Coronavirus, il documento tenuto segreto dal governo: 800mila morti, “troppo drammatico per rivelarlo”

Il motivo per cui il governo ha agito con ritardo contro il coronavirus ora è chiaro. A svelare quanto accaduto a gennaio è niente di meno del direttore generale della Programmazione sanitaria del ministero. “Non c’è stato nessun vuoto decisionale – tiene a precisare Andrea Urbani interpellato dal Corriere della Sera -. Già dal 20 gennaio avevamo pronto un piano secretato e quel piano abbiamo seguito. La linea è stata non spaventare la popolazione e lavorare per contenere il contagio”. Un piano tenuto segreto, dunque, per non spaventare il Paese, questa la verità. Eppure le cose non sono andate proprio come sperato: “Con il senno di poi – prosegue – sarebbe stato meglio un lockdown immediato Ma allora c’erano solo i due cittadini cinesi e si è deciso di assumere scelte proporzionate. Attenzione, però.
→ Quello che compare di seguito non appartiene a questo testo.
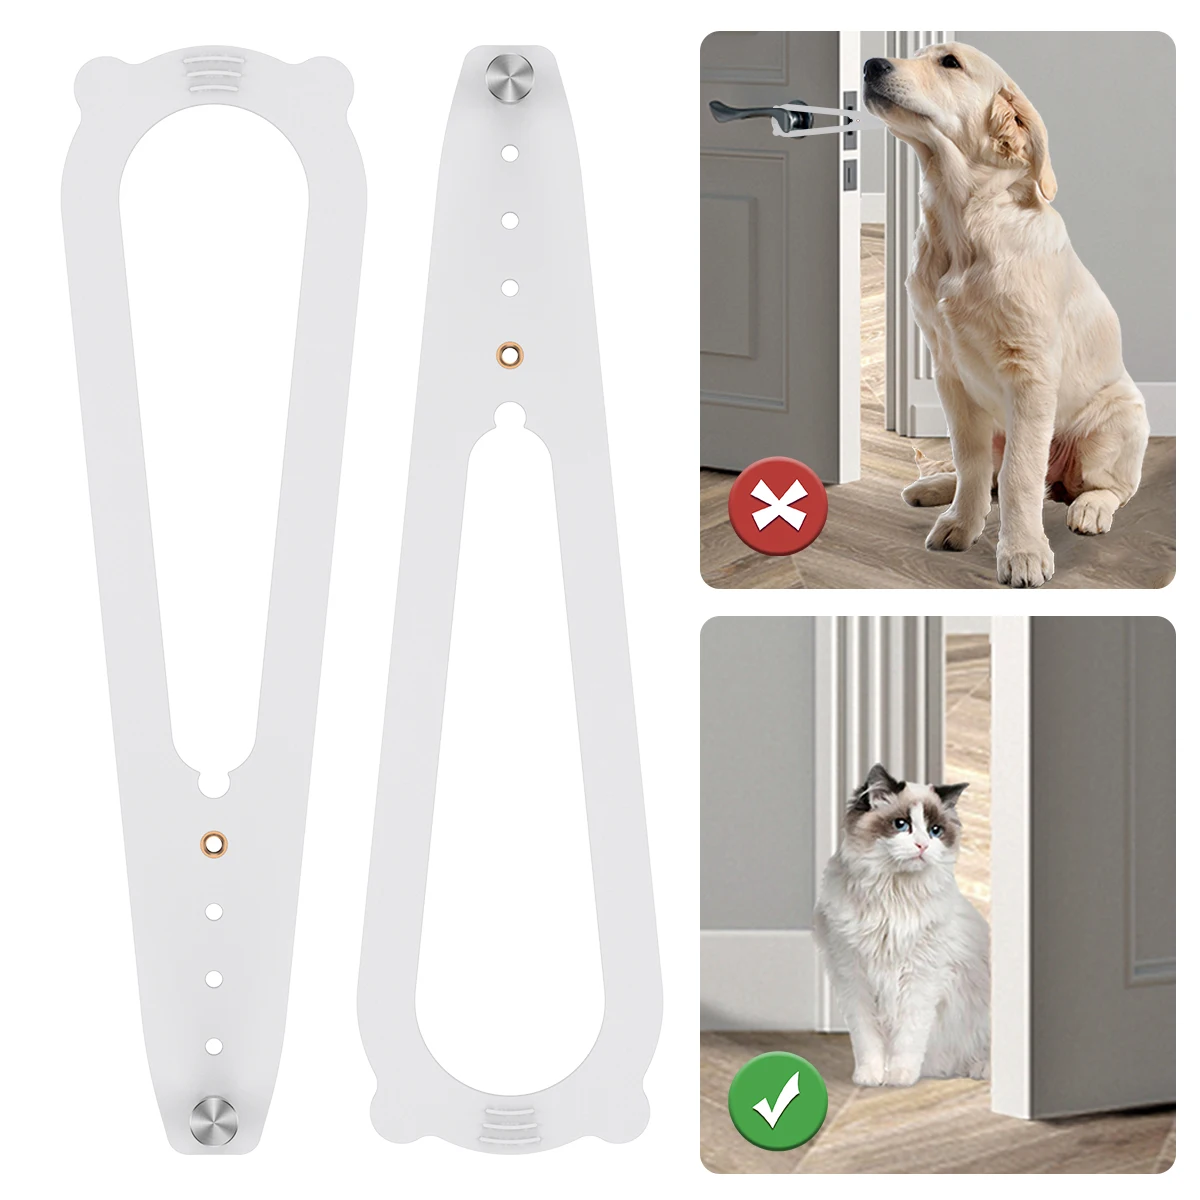 2PCS Cat Door Holder Latch Safe Plastic Dog Proof Door Stopper Door Lock Strap for Keeping Dogs Kids Out Pets Supply

Come ha certificato l’Imperial College, se il governo non avesse adottato le zone rosse e le altre misure di contenimento l’Italia avrebbe avuto tra i 600 mila e gli 800 mila morti”. Secondo Urbani è stato proprio questo scenario a mettere in allerta il ministro della Salute Roberto Speranza e il Comitato tecnico scientifico, che hanno poi deciso di non divulgare il documento.

Non solo, perché alla luce di quelle pagine si spiega anche la circolare che la Direzione generale della prevenzione sanitaria inviò il 5 gennaio a Regioni e ministeri: “Oggetto: polmonite da eziologia sconosciuta – Cina”. In quella missiva c’è anche il monito dell’Oms: “Si raccomanda – si legge – di evitare qualsiasi restrizione ai viaggi e al commercio con la Cina in base alle informazioni attualmente disponibili su questo evento”. Tutte le carte confermano quindi che l’esecutivo era ben consapevole di quanto stesse accadendo.